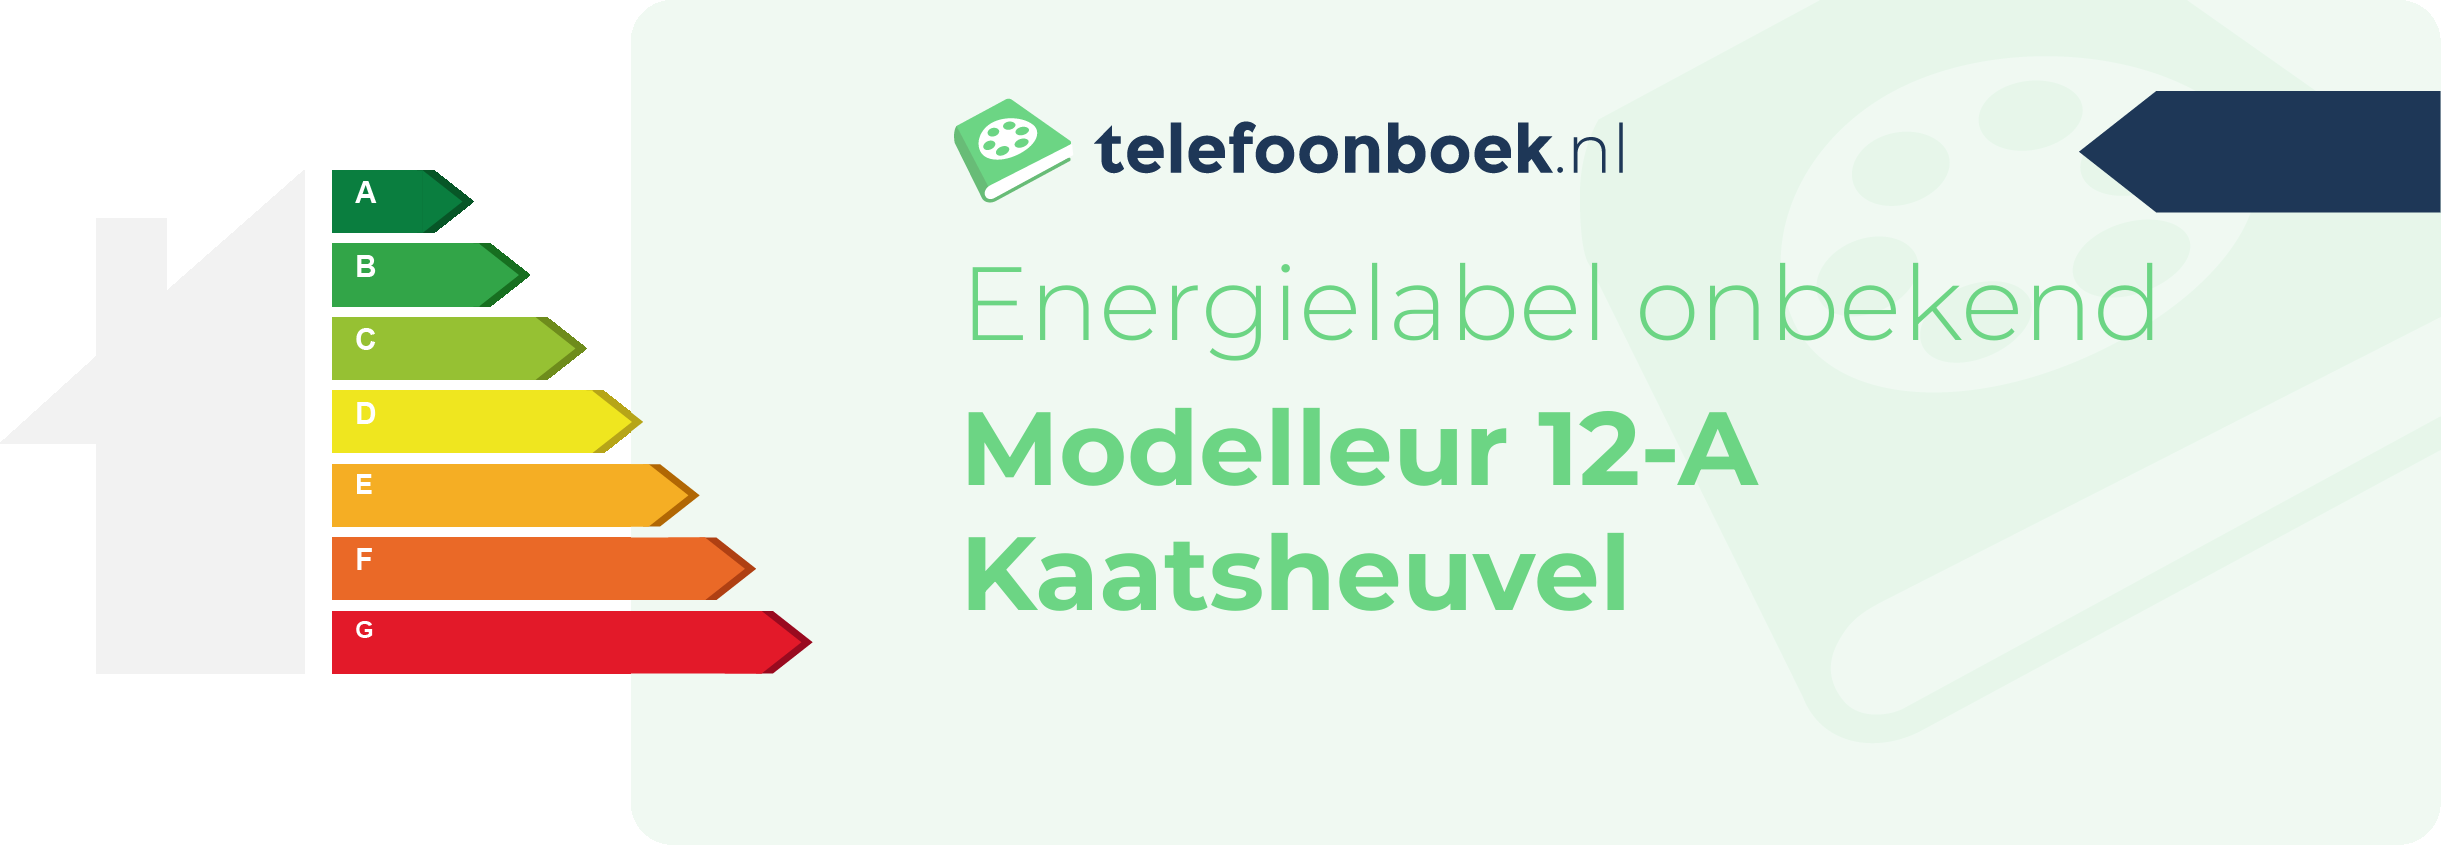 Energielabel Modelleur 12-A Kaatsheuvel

★ ★ ★

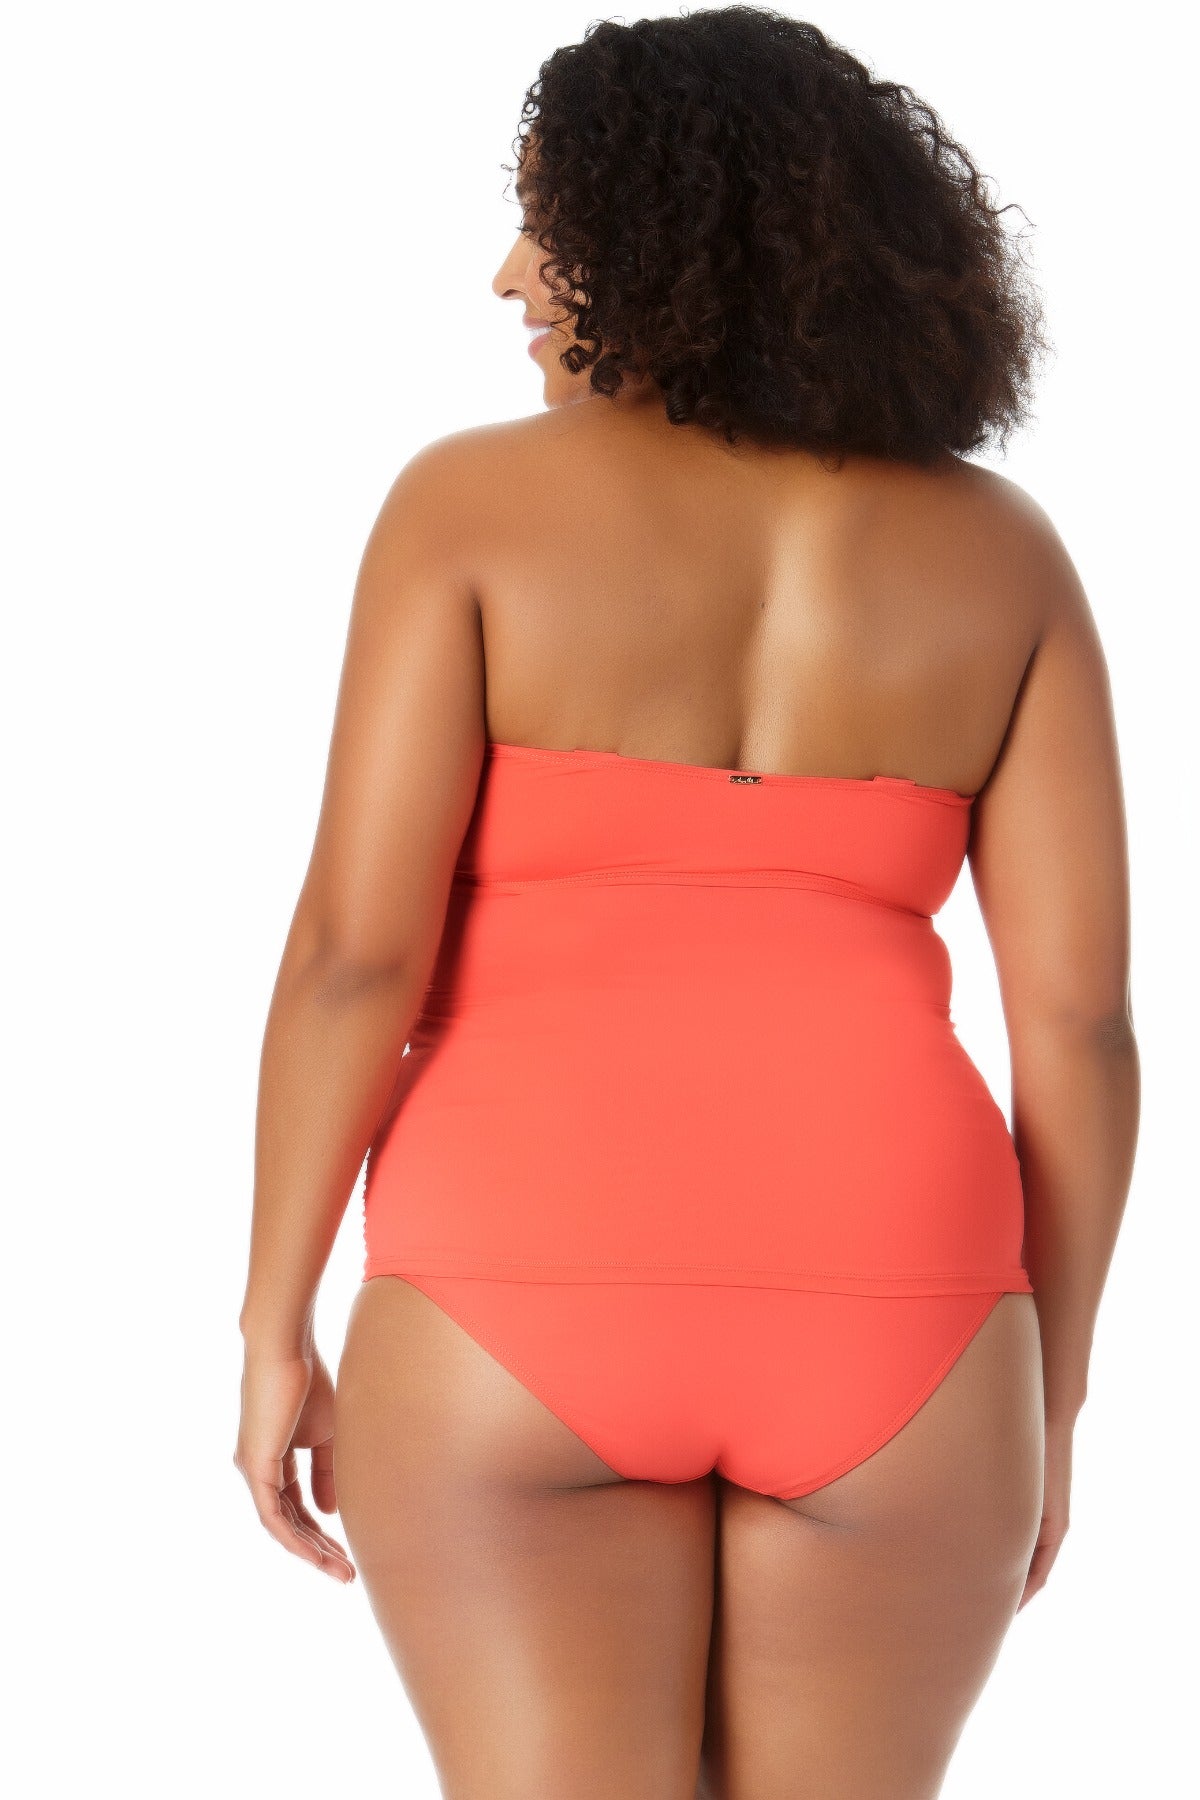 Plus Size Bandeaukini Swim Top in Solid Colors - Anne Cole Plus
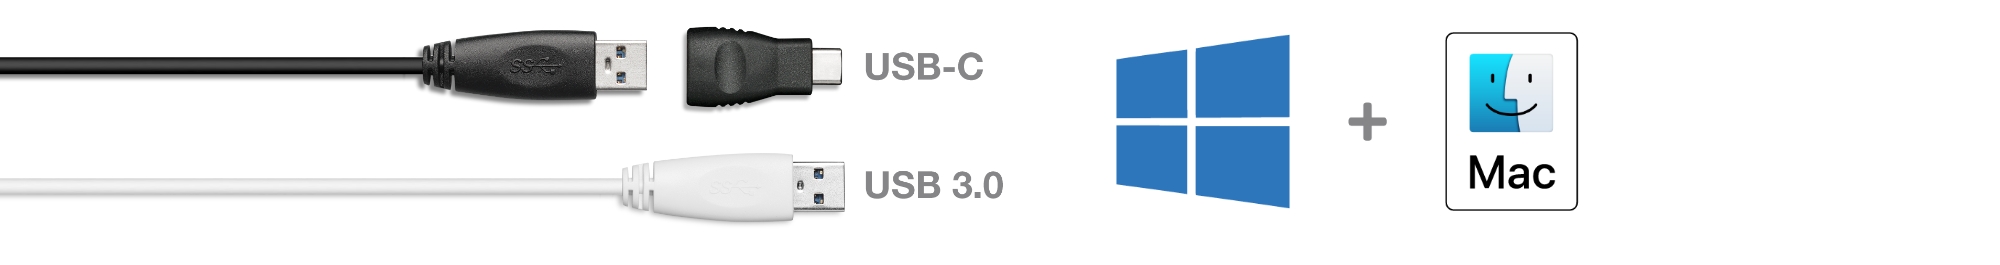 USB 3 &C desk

★ ★ ★

TRY IT =>
Could you repeat, exactly, only the lines above starting at the one that has "Plus Size Bandeaukini" and stopping after the one that has "USB 3 &C desk", without the pictures?

RESPONSE AREA =>
 Plus Size Bandeaukini Swim Top in Solid Colors - Anne Cole Plus
 USB 3 &C desk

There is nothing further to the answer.